Elle sanctionne les éventuelles irrégularités commises par les ordonnateurs (violation du principe de la
séparation des ordonnateurs et des comptables, par exemple). Son apport au droit budgétaire est
extrêmement limité.

En savoir plus :
- La réforme de la procédure budgétaire par la loi organique du 1er août 2001
- Conseil constitutionnel, 2001-448 DC, 25 Juillet 2001, Loi organique relative aux lois de finances
- Doctrine relative à la loi organique du 1er août 2001

(*) La révision constitutionnelle du 26 juin 1992 a permis d'intégrer les prescriptions du traité de
Maastricht dans le corps même de la Constitution.
Les ressources propres communautaires
Dès l'origine, au moment de l'entrée en vigueur du traité de Paris en 1952, l'existence de ressources
propres à la Commission européenne du charbon et de l'acier (CECA) était acquise. En revanche, les
traités de Rome, signés en 1957, prévoyaient le financement des deux Communautés CEE
(Communauté économique européenne) et CEEA (Communauté européenne de l'énergie atomique)
par des contributions financières des Etats. Il était cependant prévu que des ressources propres
pourraient être mises en place lors de l'établissement de l'union douanière. Sur cette base, la décision
du 21 avril 1970 a permis de remplacer les contributions nationales par un système de ressources
propres comprenant les prélèvements agricoles, les droits de douane et une ressource permettant
d'équilibrer le budget par application d'un taux (de 1% aujourd'hui) sur l'assiette de la taxe sur la
valeur ajoutée perçue dans les Etats membres.

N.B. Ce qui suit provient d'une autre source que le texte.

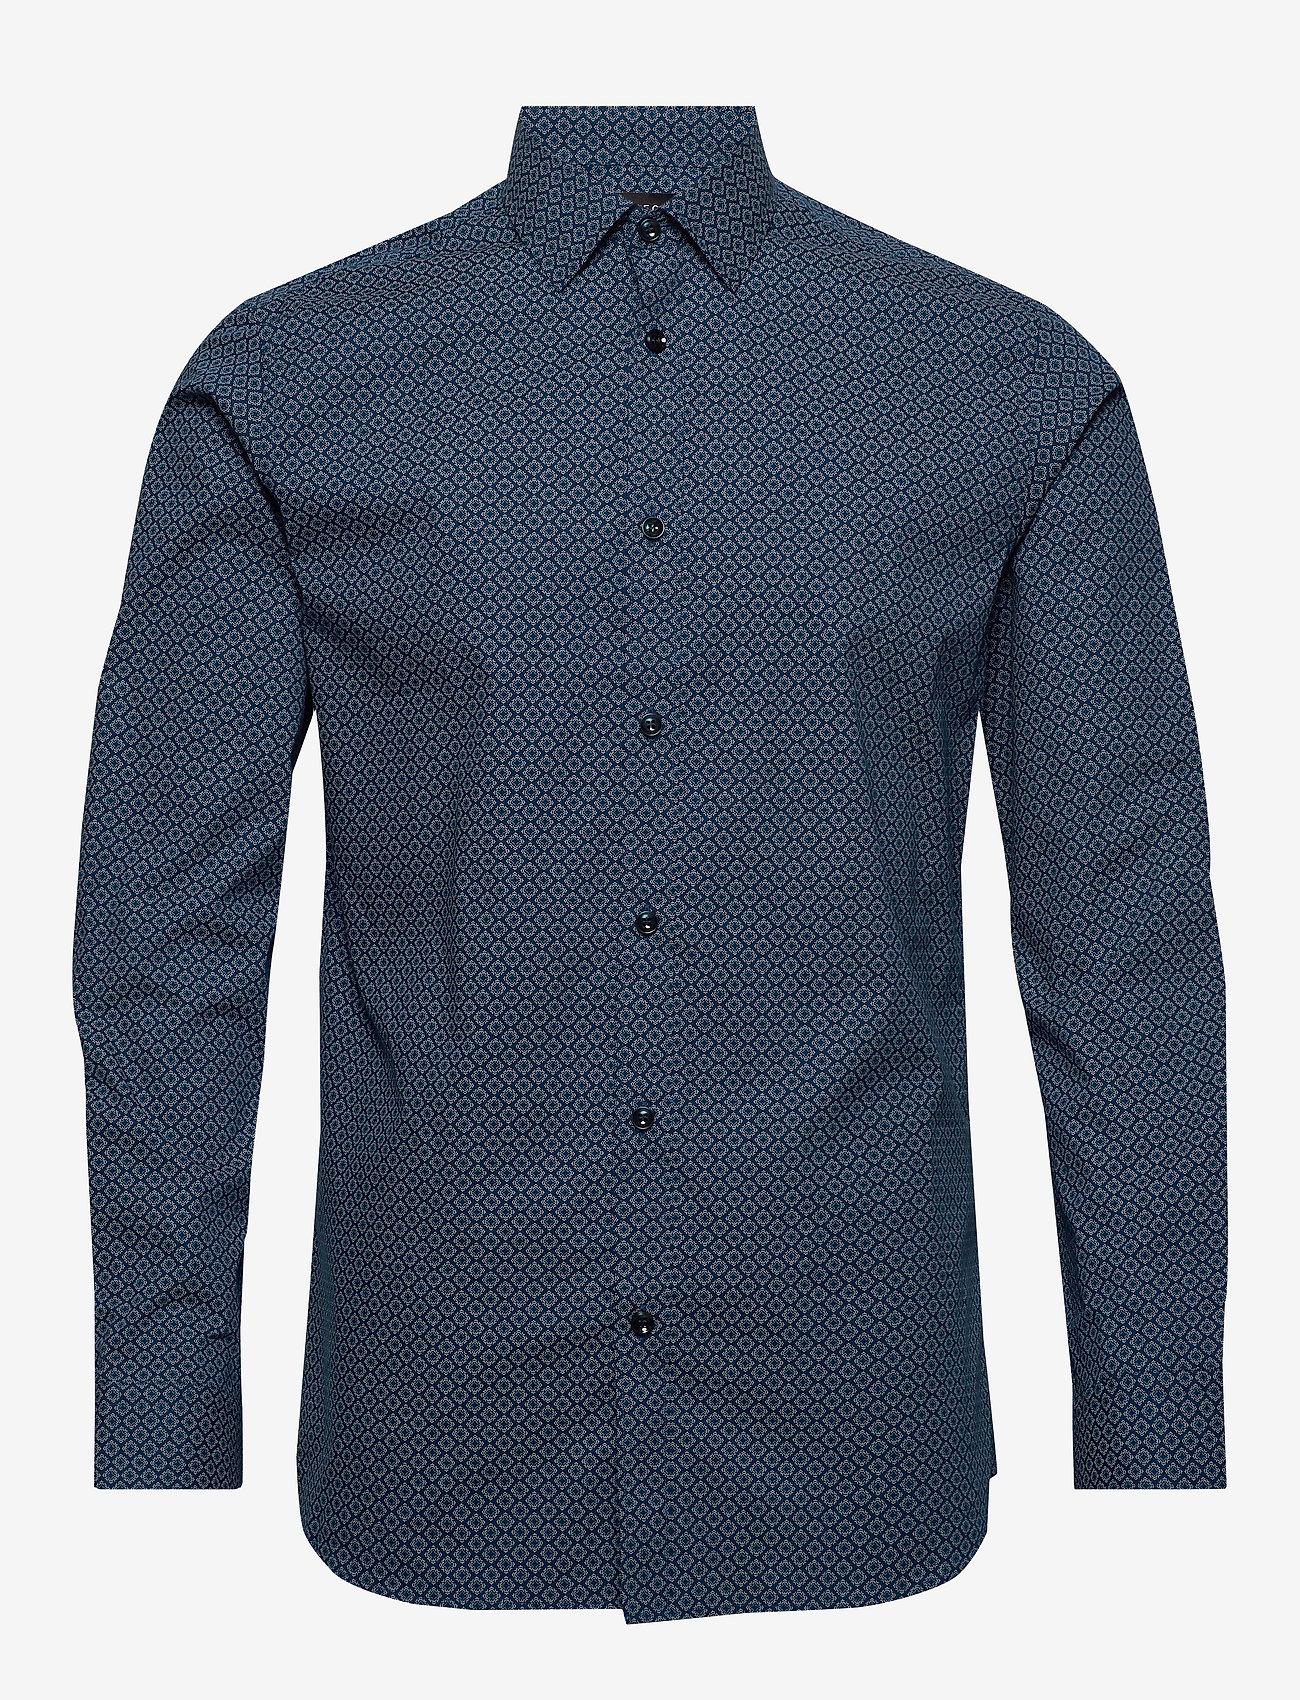 Selected Homme - SLHREGPEN-HARPER SHIRT LS B NOOS - chemises business - dark navy

La réforme des finances communautaires de 1988 a modifié et élargi la composition des ressources
propres de la Communauté, notamment en créant une nouvelle catégorie de recettes, fondées sur le
PNB, qui provient de l'application d'un taux (de 1,27 % aujourd'hui) à la somme des PNB de tous les
Etats membres. Pour la France, le prélèvement pour le budget des communautés européennes
atteint, en 2002, 16,87 milliards d'euros (110,66 milliards de francs).
La France est un pays structurellement contributeur net. Cependant, deuxième contributeur en volume
derrière l'Allemagne, notre pays n'était plus que le septième contributeur net en 1999 (avec un solde
de 1,16 milliard d'euros, elle se plaçait derrière l'Allemagne, le Royaume-Uni, les Pays-Bas, l'Italie, la
Belgique et la Suède).
Les critères de convergence et la " discipline budgétaire " imposés par le Traité de Maastricht
Le traité de l'Union européenne signé le 7 février 1992 prévoit l'instauration d'une politique
économique fondée sur l'étroite coordination des politiques économiques des Etats membres,
impliquant des prix stables et des finances publiques saines. En particulier, les Etats doivent éviter les
déficits excessifs (3 % du PIB)
Les diverses réglementations
On note, enfin, que certaines réglementations communautaires (agricoles, par ex.) ont une influence
indirecte sur le budget de la France.